Это появление, это вхождение, это приветствие, это колебание монсеньора Колетти перед тем, как сесть, и, наконец, то внимание, с которым присутствующие встретили прославленного проповедника недавно прошедшего поста, на мгновение отвлекли внимание всех от Кармелиты. Мы говорим на мгновение потому, что прошло всего лишь мгновение с того момента, как госпожа де Моранд опустила портьеру за собой, до того момента, когда портьера снова поднялась и взору присутствующих предстали обе подруги.
Невозможно даже вообразить себе более поразительный контраст, чем тот, который был между госпожой де Моранд и Кармелитой.
Да и Кармелита ли это?
Да, это она… Но это уже не та Кармелита, чей портрет мы нарисовали в «Монографии о Розе». Не та Кармелита с розовыми щеками, с нежным цветом кожи, с лицом, на котором были написаны простота и невинность. Вовсе не та Кармелита, вдыхающая расширенными ноздрями ароматы цветов, растущих под ее окнами… Нет, это совершенно новая Кармелита: это высокая молодая женщина с роскошными черными волосами, ниспадающими на плечи. На мраморные плечи! Это тот же самый высокий, открытый, умный лоб. Но лоб слоновой кости! Это те же самые щечки, некогда розовые и дышащие молодостью и здоровьем. Но сегодня они бледные и отливают поразительным матовым оттенком!
Ее и без того большие прекрасные глаза стали будто вдвое больше. В них по-прежнему горит огонь, но теперь они мечут не искры, а молнии. А из-за коричневатых кругов вокруг глаз создается впечатление, что молнии эти вырываются из грозовой тучи.
А ее губы? Некогда пурпурные, они после болезни так и не смогли обрести их первоначальный цвет и теперь имеют слабый оттенок розового коралла. Но следует отметить, что именно благодаря этому они прекрасно дополняли облик Кармелиты, делая ее красоту просто сказочной, хотя и придавали этой необычайной красоте некоторый оттенок нереальности.
Одета она была просто, но с большим вкусом.
Три ее названные сестры настаивали на том, чтобы она непременно пришла на прием к Лидии, и долго обсуждали, в каком наряде она должна будет там появиться. Полная решимости добиться независимого положения, Кармелита не принимала никакого участия в этом споре, а только заявила, что поскольку она является вдовой Коломбана, траур по которому будет носить всю жизнь, то она наденет только черное платье. А посему Фрагола, Лидия и Регина могут кроить и шить черное платье любого фасона.

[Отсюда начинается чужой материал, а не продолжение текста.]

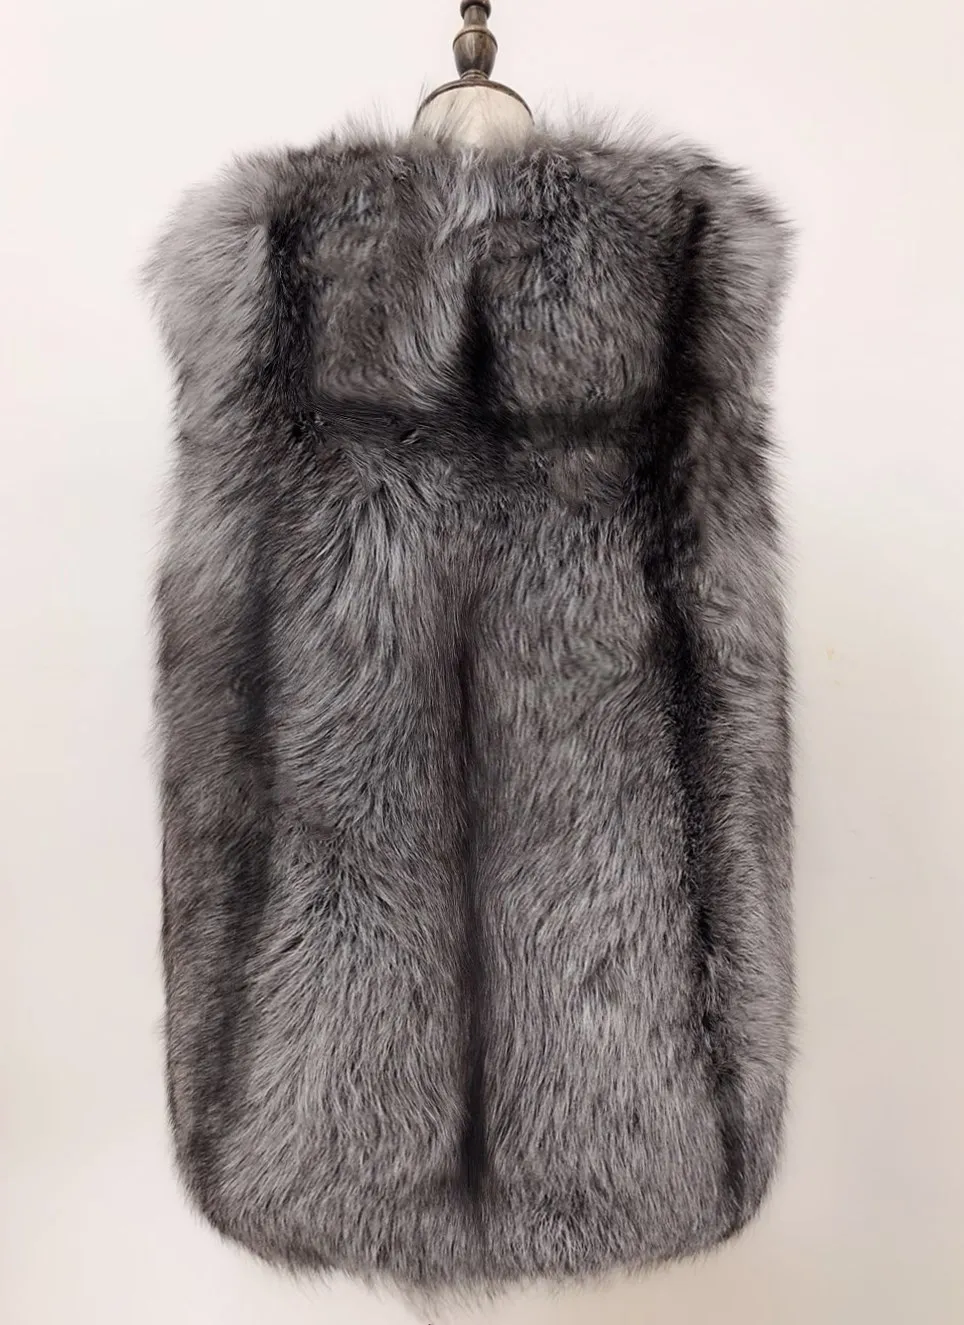 Real Fox Fur Vest Wholeskin Luxury Silver Fox Fur Jacket Thick Warm Natural Fur Gilet Luxury Fashion Sleeveless Coat enlarge

Регина решила, что у платья будет верх из черных кружев и юбка из черного атласа, а в качестве отделки пойдет гирлянда из темно-фиолетовых, вызывающих грусть цветов по названию аквилегия, в которые будут вплетены веточки кипариса.
Венок, сплетенный Фраголой, которая лучше своих подруг умела подобрать сочетание цветов и оттенков, состоял, как и гирлянда на платье и букетик на корсаже, из веточек кипариса и цветов аквилегии.
Шею Кармелиты украшало дорогое колье из черного жемчуга, подарок Регины.
Когда Кармелита, бледная и убранная для выхода, появилась из спальни госпожи де Моранд, все, кто ожидал ее увидеть, но не в таком облике, вскрикнули, и в этом возгласе одновременно перемешались восхищение и страх. Можно было подумать, что все увидели перед собой античную скульптуру. Норму или Медею. По жилам присутствующих пробежал холодок.